Home Automation. The holy hipster and geek grail. I have played with it. I have tried. I have failed. But today I am proud to have a solution I can truly endorse. So join me on this journey. This series will explain my solution, in excruciating detail. In the hope that I can learn from you while I am explaining. This series will be filled over time with more and more articles. But now, let’s talk about philosophy. The Why. Soon you will see the What and How. One promise, or the TL;DR: It is all 100% Open Source.

Well, almost. I have integrated some quite non-open things but always in an Open Source Way.

To wet your appetite, Here’s the simple thing you will see on a display hanging on the wall in my apartment:

Home Automation Welcome Screen NodeRED UI on a tablet

What you see here is the main screen of my Dashboard. From here you can switch Light Scenes, roll up or down the projector screen, send my Roomba to clean my place and observe the current outside temperature. This all runs from a Raspberry Pi 2 with FedBerry (23 ATM), the Mosquitto MQTT Broker, a Node-RED instance with the node-red-dashboard, controlling my Philips HUE lights, a Nanode, an ESP8266 with a Dallas DS1820 temperature sensor. Too much Techno-Babble? OK. That’s all going to be explained in the other parts of this series, so relax!

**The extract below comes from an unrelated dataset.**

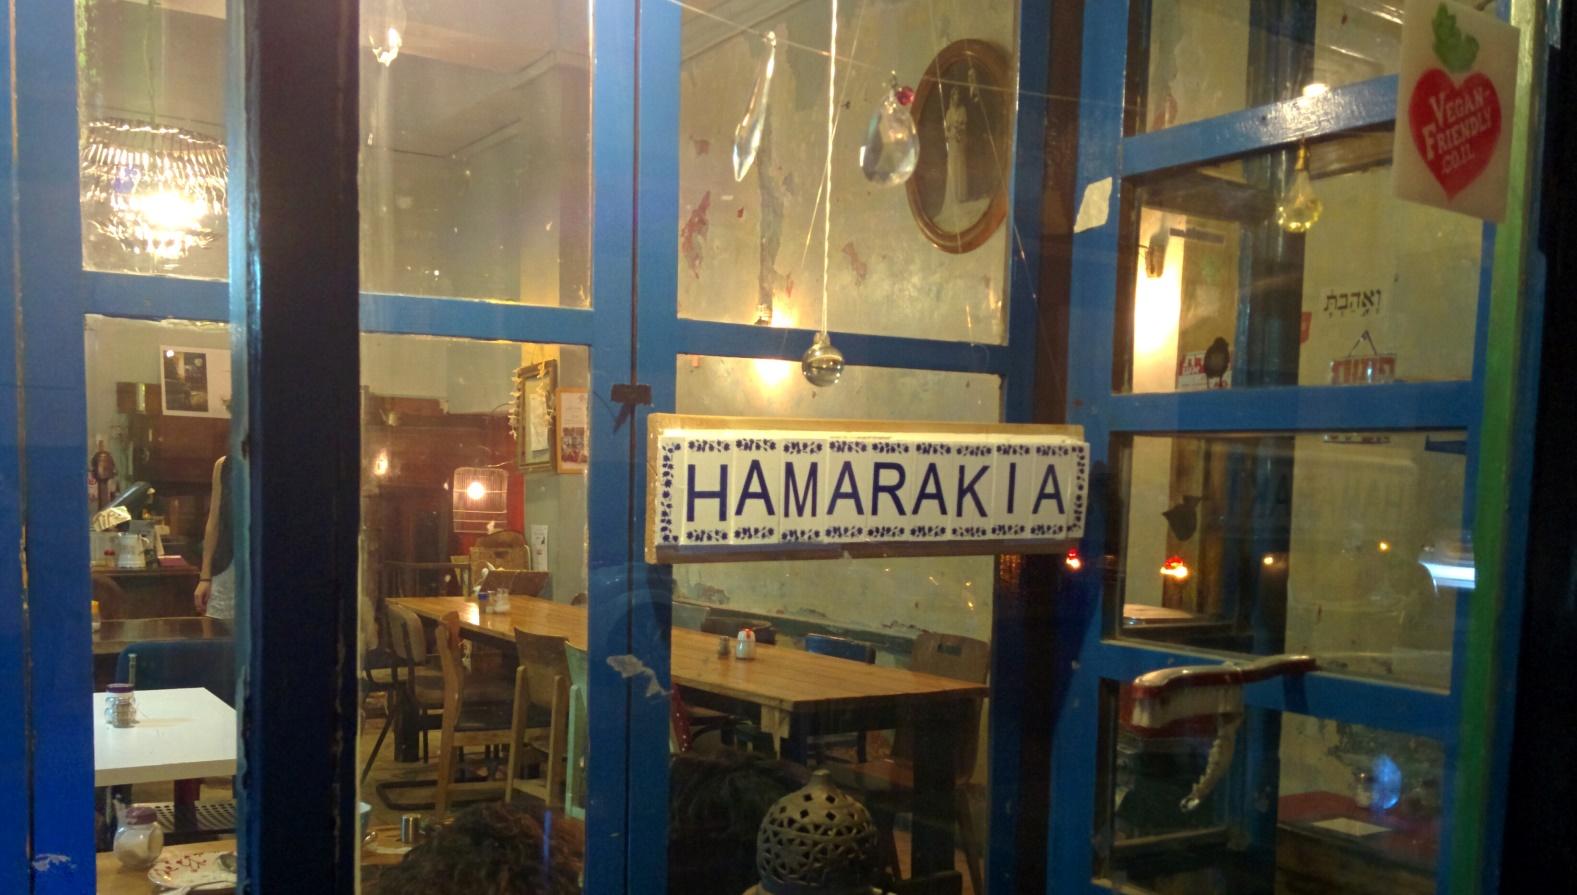 Hamarakia (The Soupery) in Jerusalem. Photo: courtesy

Philosophy. Or the Zen of HA

Home Automation truly is a fascinating field. But it’s also filled with land mines, frustration, lack of interoperability, competing standards, non-maintained cuteness and hype. A lot of hype.

Here are the guiding principles for what I consider to be a good Home Automation (HA) solution.

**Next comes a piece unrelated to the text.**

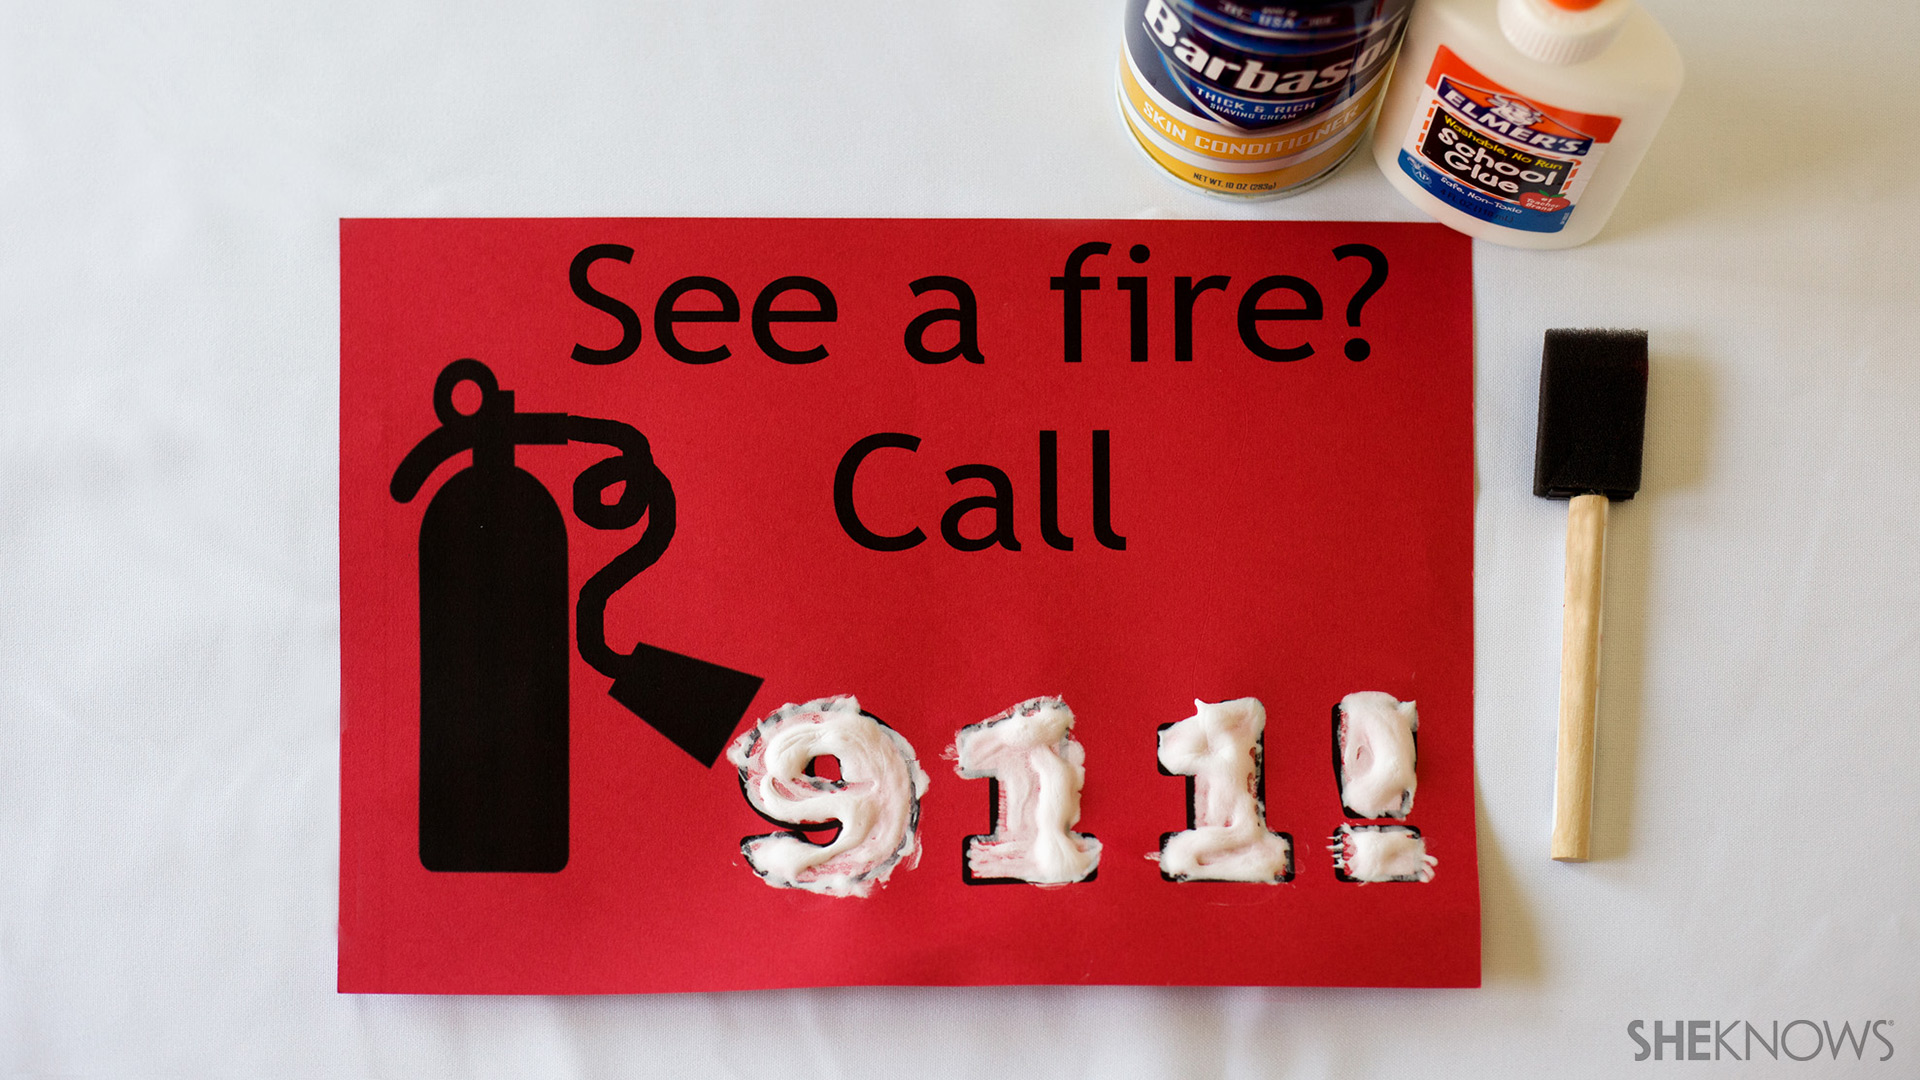 Fire extinguisher craft | Sheknows.com

  • Locality Everything happens on the local network. There is no need at all for any external connections or services. This is where I protect my privacy. And guarantuee (well, shift the blame 😉 ) that I and only I am in control. Remember the NEST fiasco? Not going to happen here.
  • Simple The solution must be simple to use, maintain, extend and install.
  • Open The parts of the solution I interact with must be 100% open. Ideally Open Hardware and Open Source. But at least accessible using a 100% Open Source solution.
  • Sustainable This means two things. It uses modules and parts that are actively maintained and simple to use for a long time. And it means that the solution doesn’t need my daily attendance. That I don’t have to be bothered with updates, changes, downtime and frustration. This is the unsolved part, to be honest.
  • Rock Solid The solution should be extremely stable. And in case of problems there must be a (manual) fallback solution for all parts.

Packed with failed experiments, the lessons I’ve learned at Red Hat about long-term stability and sustainability of Open Source and the vibrant community of fellow geeks sharing their experiences and solutions, I came up with the following approach:

  • Low Level Use “things” in the widest sense that can always be physically controlled. With switches, buttons or by simply pulling the plug.
  • Communication All parts talk MQTT. Period. They send status updates and state changes via MQTT. They receive commands via MQTT. If they cannot do that directly, there must be an open source solution that does the translation between whatever protocol it uses and MQTT.
  • Configuration Now that we only have MQTT messages to send and receive, we use Node-RED as the rules engine. Where we plug the parts together and come up with interactions as needed.
  • Simplicity With a nice UI using node-red-dashboard in a browser, I can use whatever device that has a browser to control my apartment. Cheap Android tablets mounted to the wall, my smartphone or tablet. Or some voice controlled device, maybe? Mycroft?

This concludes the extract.